Records for processing:
────

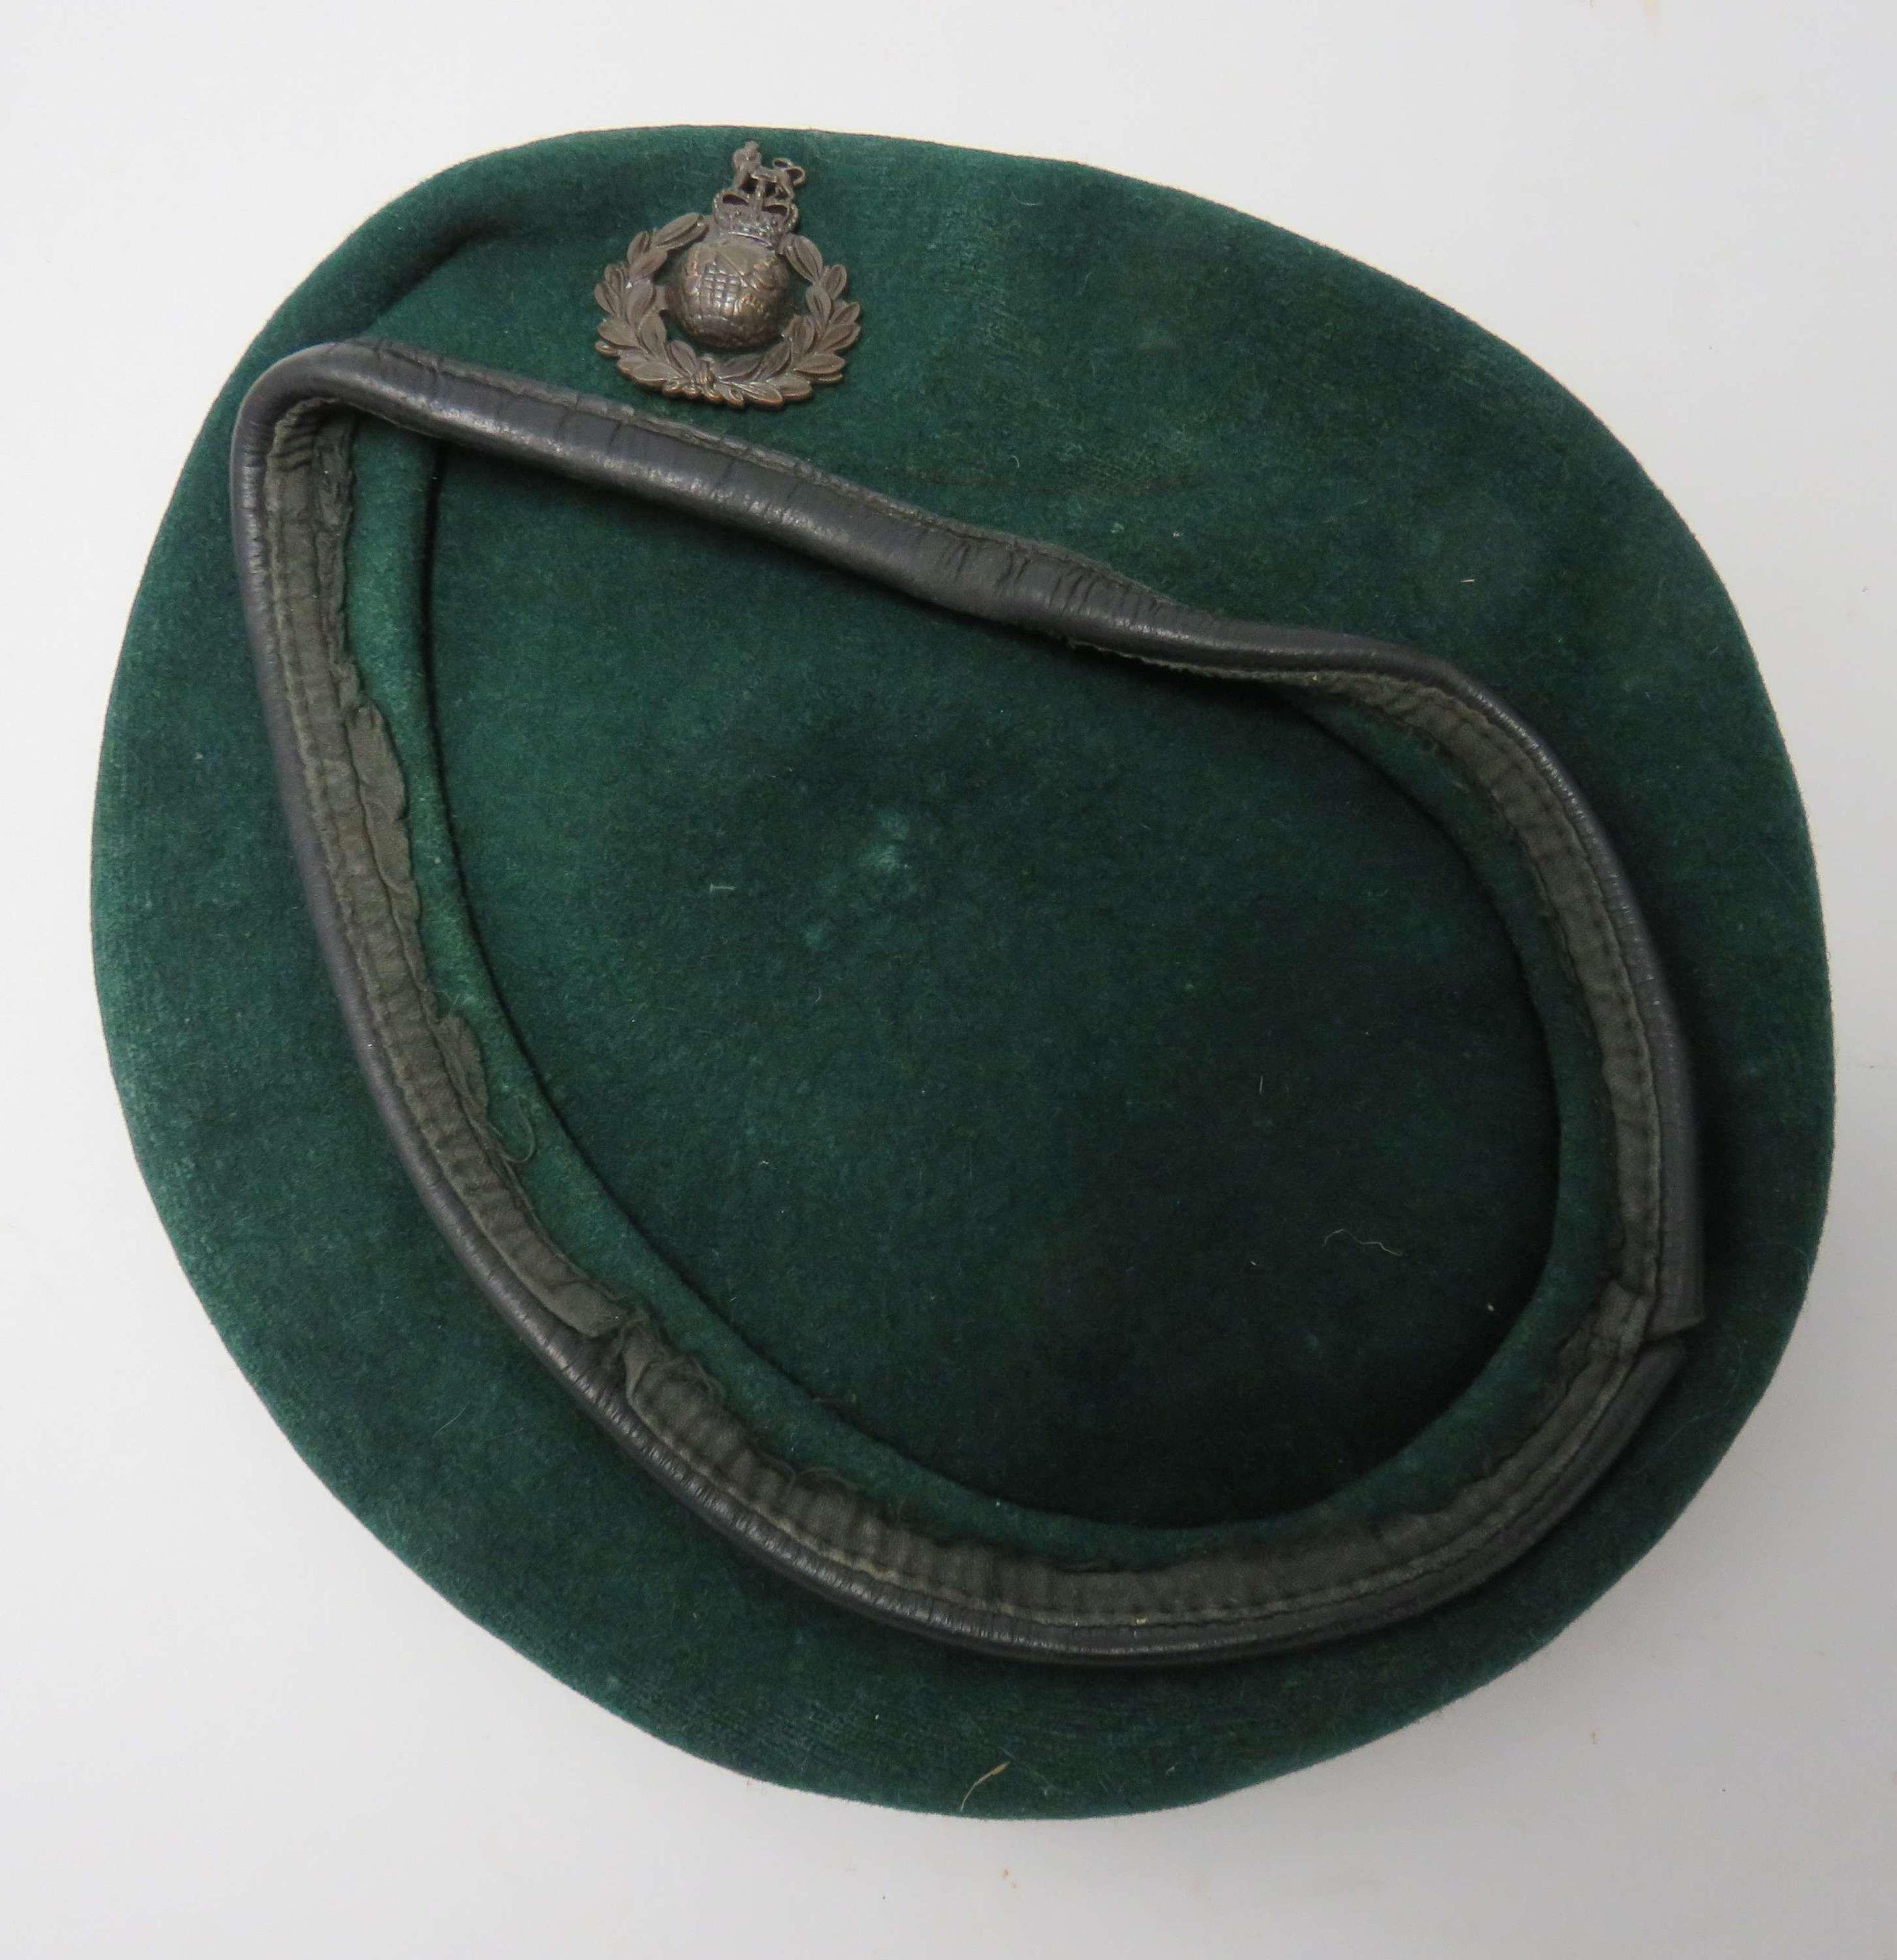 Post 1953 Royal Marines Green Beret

────

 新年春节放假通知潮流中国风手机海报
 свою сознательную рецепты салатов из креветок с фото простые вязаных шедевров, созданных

────

Work item:
Within the material above, the line with "新年春节放假通知潮流中国风手机海报" opens the range and the line with "свою сознательную рецепты" closes it; reproduce that range word for word.

Response below:
 新年春节放假通知潮流中国风手机海报
 свою сознательную рецепты салатов из креветок с фото простые вязаных шедевров, созданных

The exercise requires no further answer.